Дело происходило в прекрасный осенний день 1948 года. Мы расположились на крутом берегу реки и, дожевывая последние сухари, любовались спокойной, величавой Волгой. Все наши продукты были отправлены на пароходе. Вдруг пришла неожиданная помощь.
В городе разнесся слух, что появились военнопленные немцы. И «злые русские» принесли нам поесть. Мы недурно провели этот день. Только и разговору было, что о мире и дружбе, особенно с Германией. Русские не понимали, почему немцы разделены.

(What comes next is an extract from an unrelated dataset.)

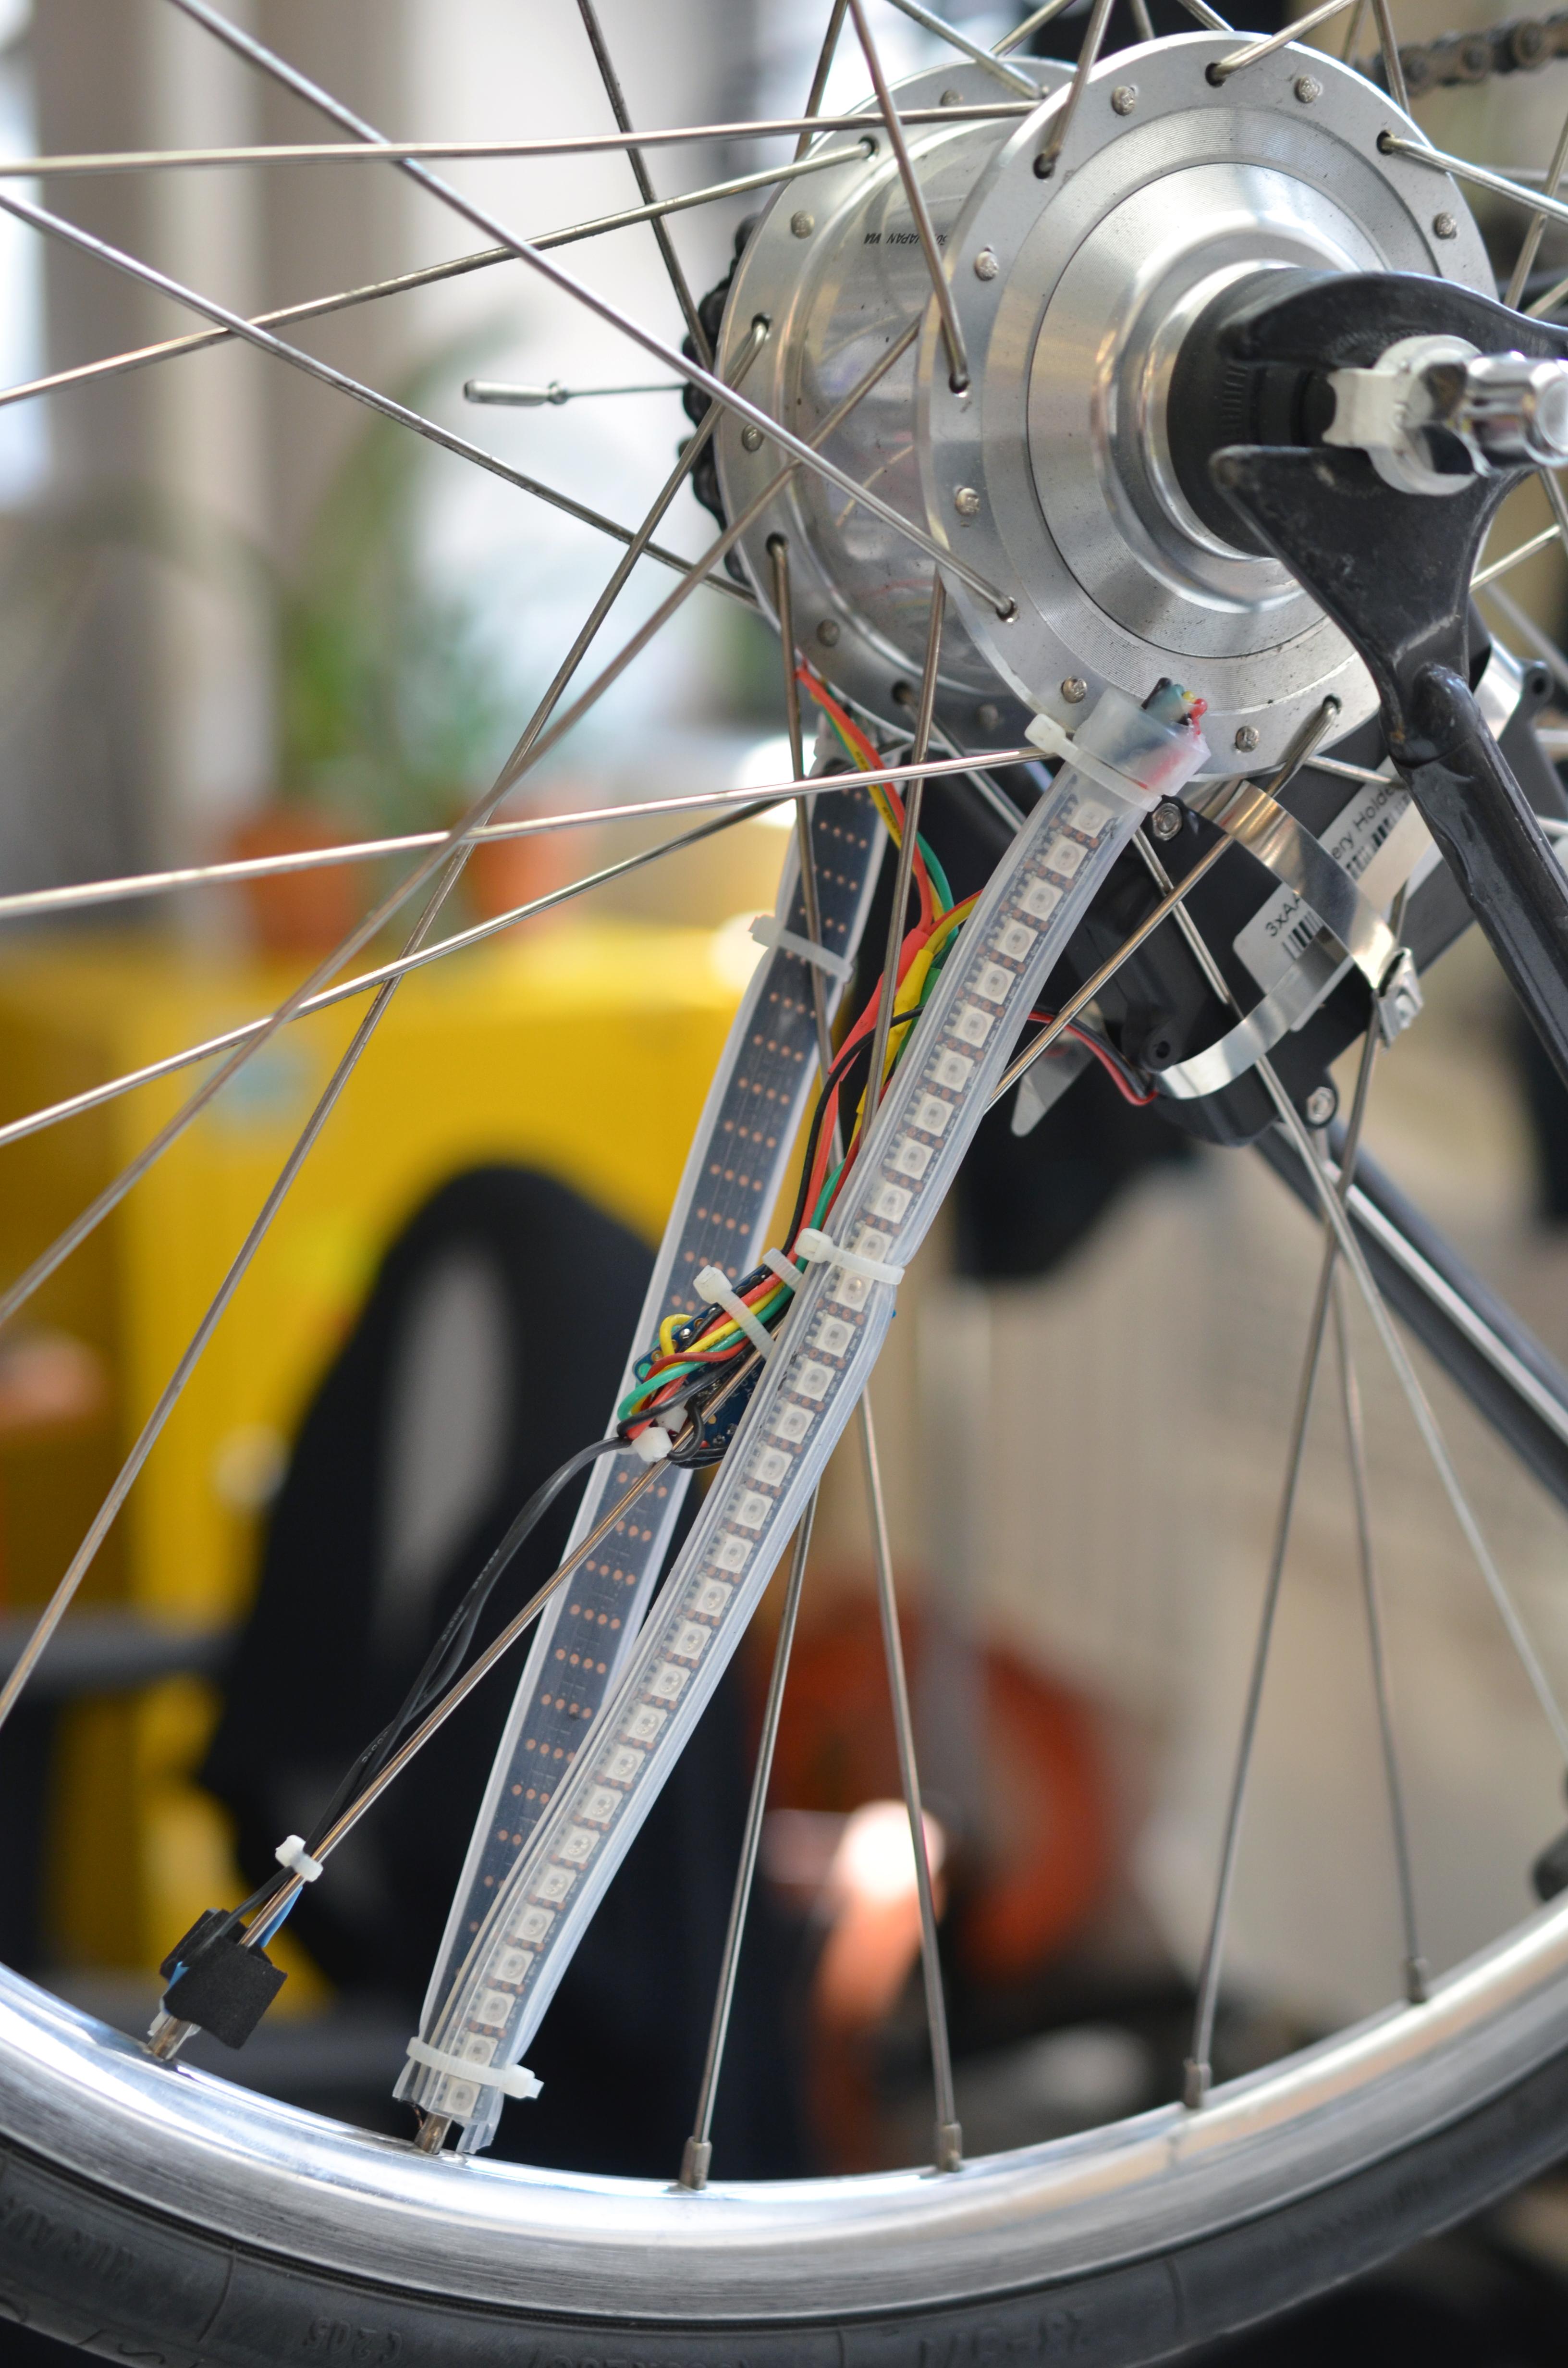 projects_pov-bike-wheel-adafruit-circuit-on-wheel.jpg
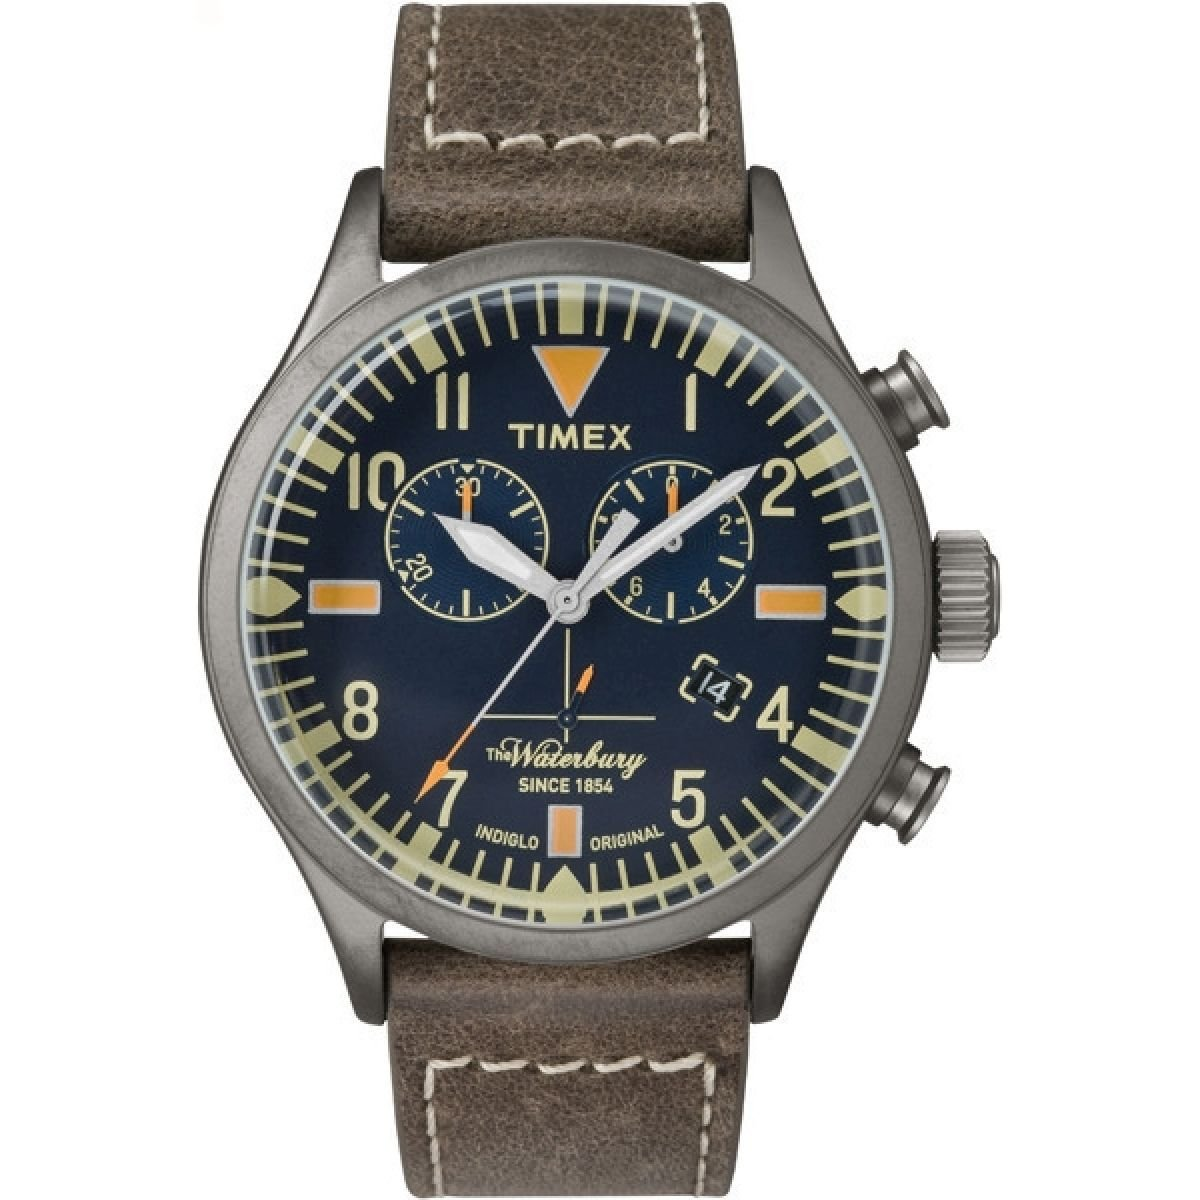 Timex Originals TW2P84100 Mens Waterbury Brown Leather Strap Chronograph Watch

Если бы немецкие трудящиеся договорились между собой, единство Германии и прочный мир были бы обеспечены. Эти люди больше, чем многие из нас, были заинтересованы в мирном, демократическом развитии Германии.
– Домой! Домой! – кричало советское население, но военнопленные недоверчиво отмахивались.
Слово «домой» знали все. Но нам казалось, что сейчас на это меньше всего надежды. Через несколько недель станет лед и навигация прекратится примерно на полгода. А ближайшая железнодорожная станция в сорока километрах от лагеря. Значит, еще одна зима вдали от родины. Такая перспектива угнетала нас.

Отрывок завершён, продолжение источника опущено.